## Activity
Repeat the listing exactly. Pictures stay out of your copy.

## Dataset excerpt
== == ==

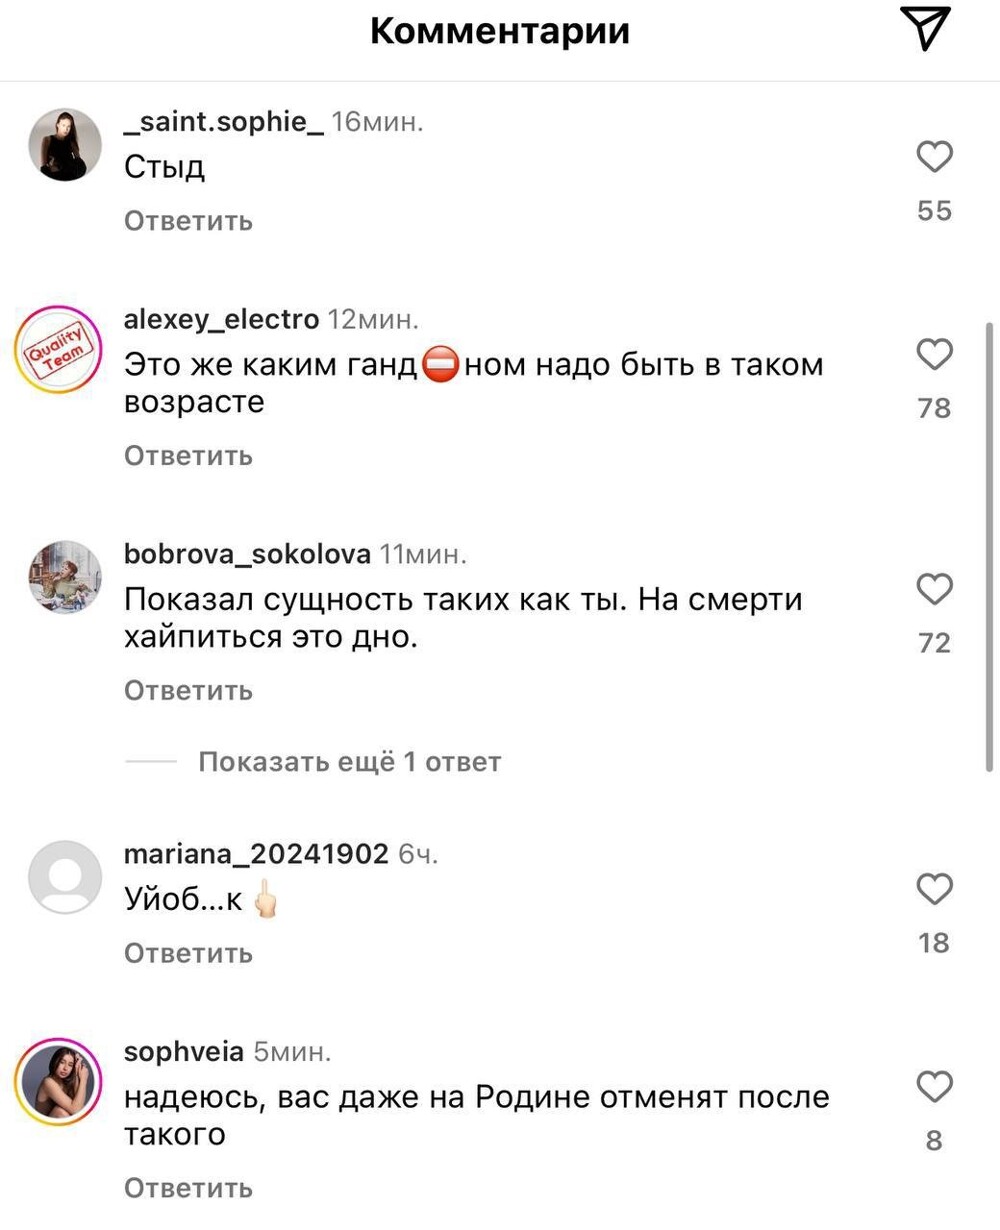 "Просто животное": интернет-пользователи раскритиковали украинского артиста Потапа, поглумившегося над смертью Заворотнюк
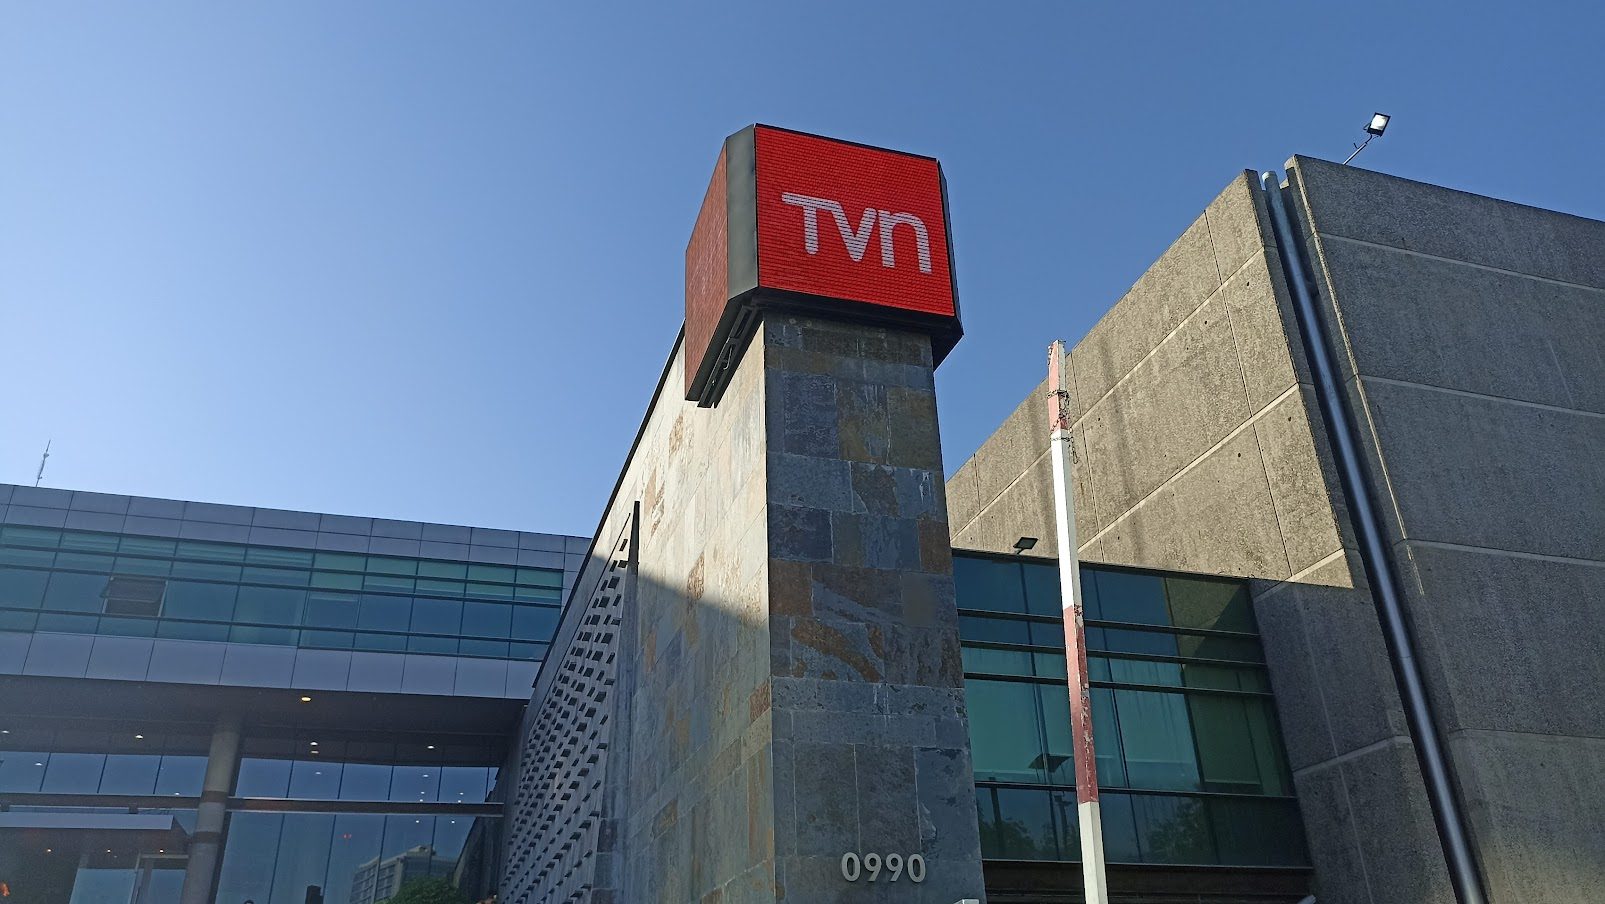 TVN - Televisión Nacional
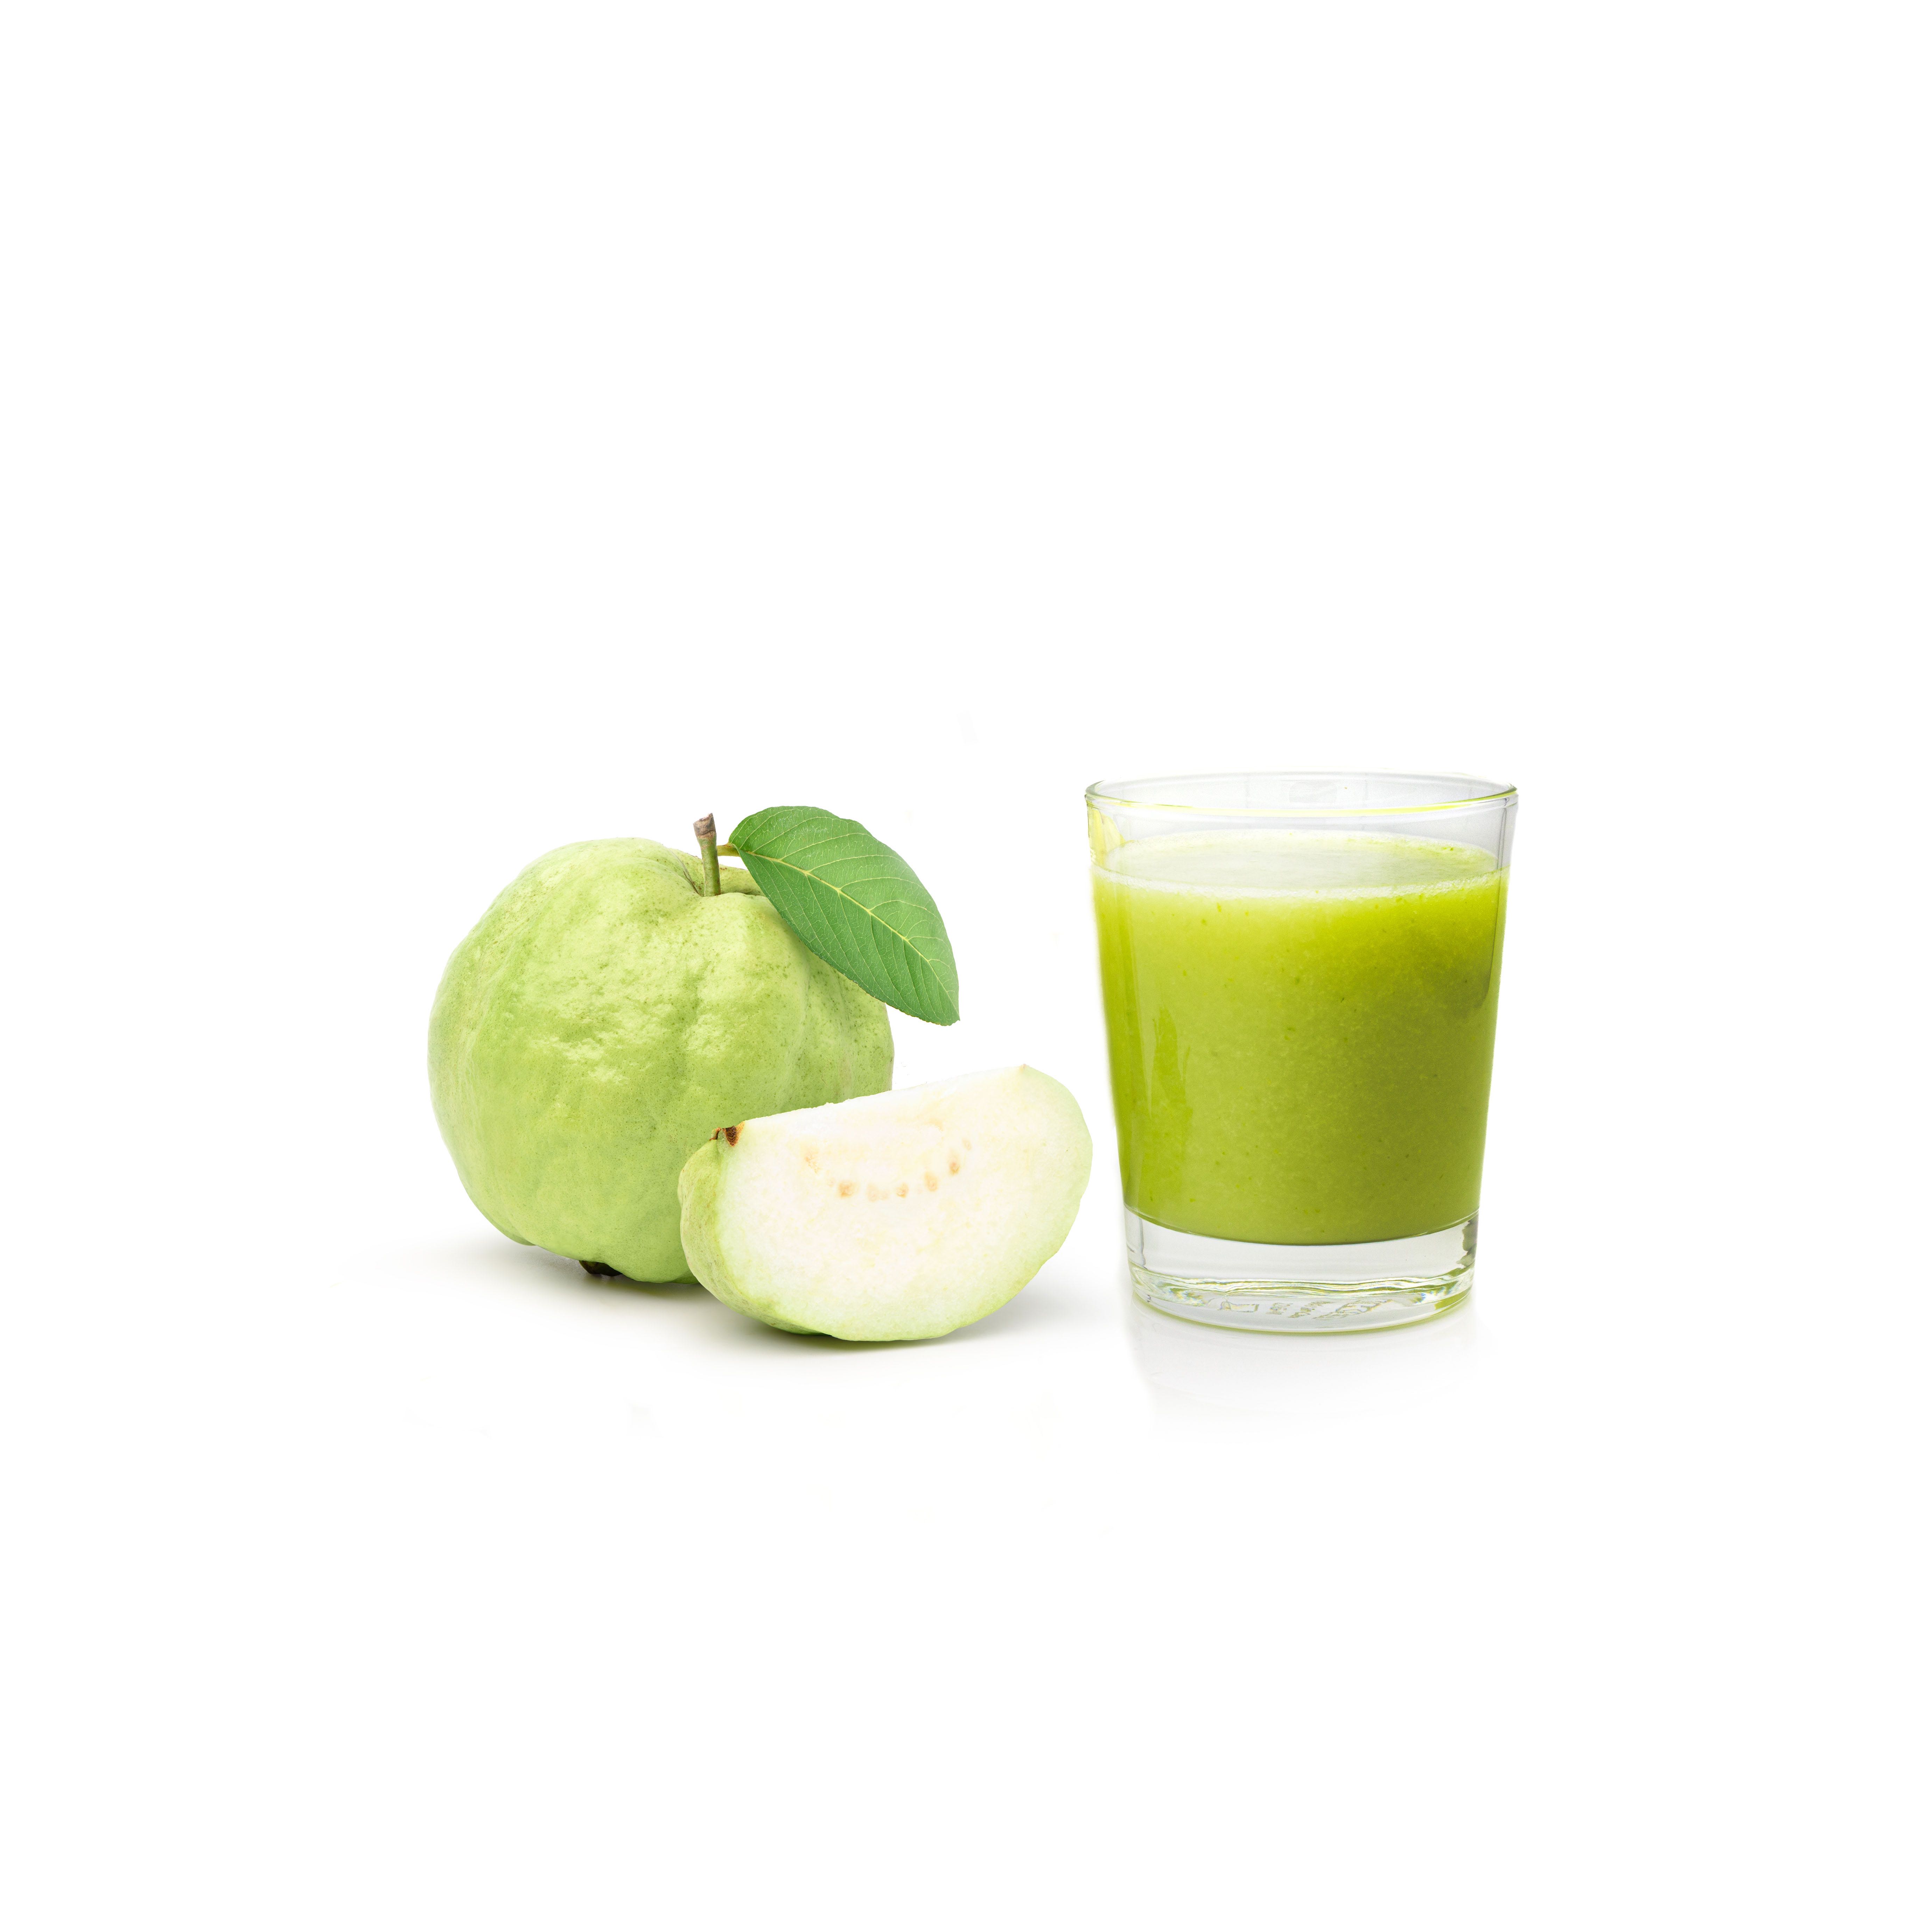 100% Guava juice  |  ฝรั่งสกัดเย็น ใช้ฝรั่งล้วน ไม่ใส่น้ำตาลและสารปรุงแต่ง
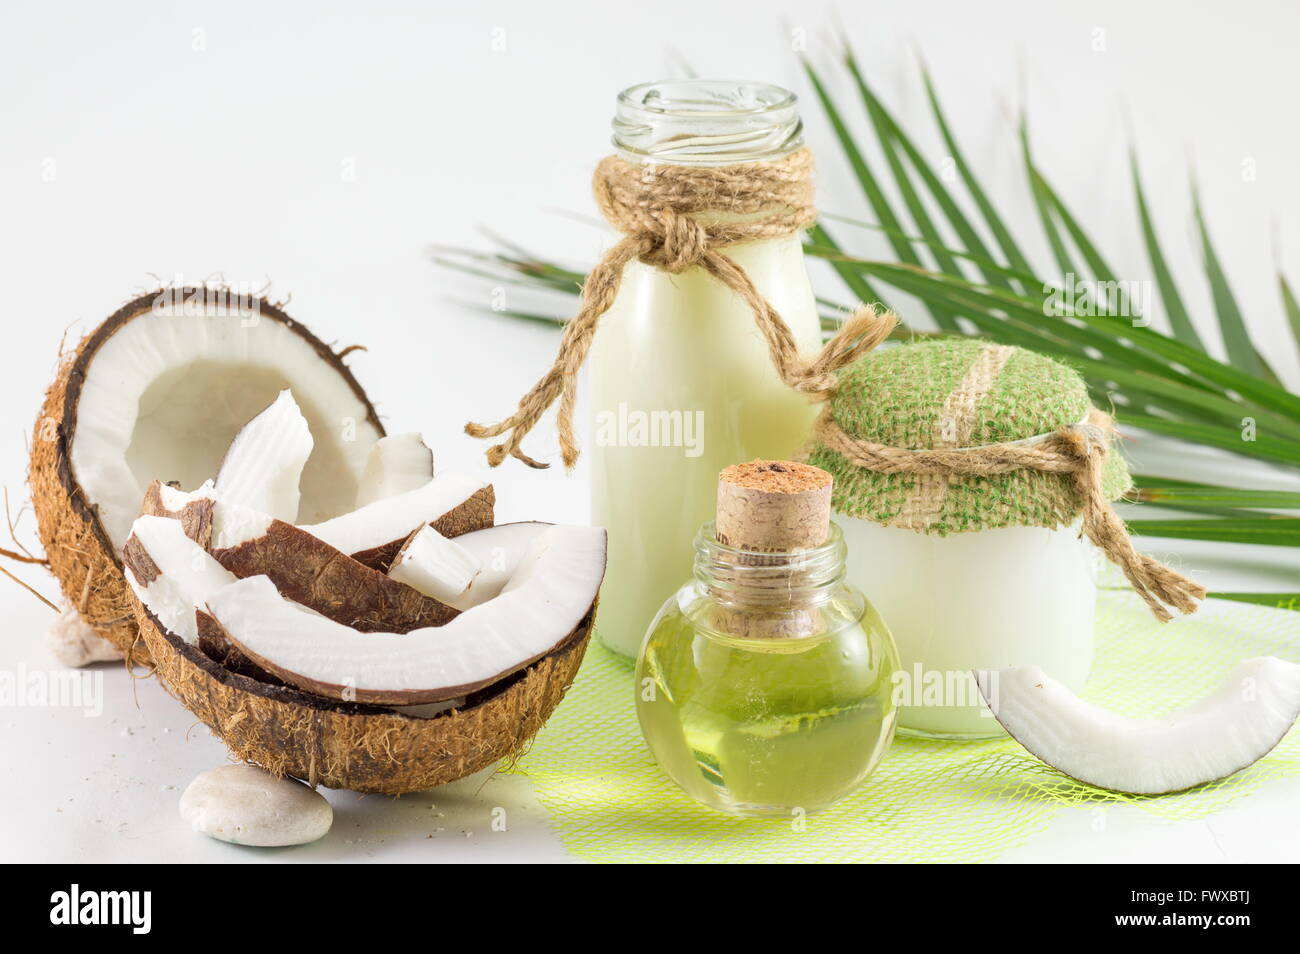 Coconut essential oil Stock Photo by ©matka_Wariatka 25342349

== == ==

## Your solution
 "Просто животное": интернет-пользователи раскритиковали украинского артиста Потапа, поглумившегося над смертью Заворотнюк
 TVN - Televisión Nacional
 100% Guava juice  |  ฝรั่งสกัดเย็น ใช้ฝรั่งล้วน ไม่ใส่น้ำตาลและสารปรุงแต่ง
 Coconut essential oil Stock Photo by ©matka_Wariatka 25342349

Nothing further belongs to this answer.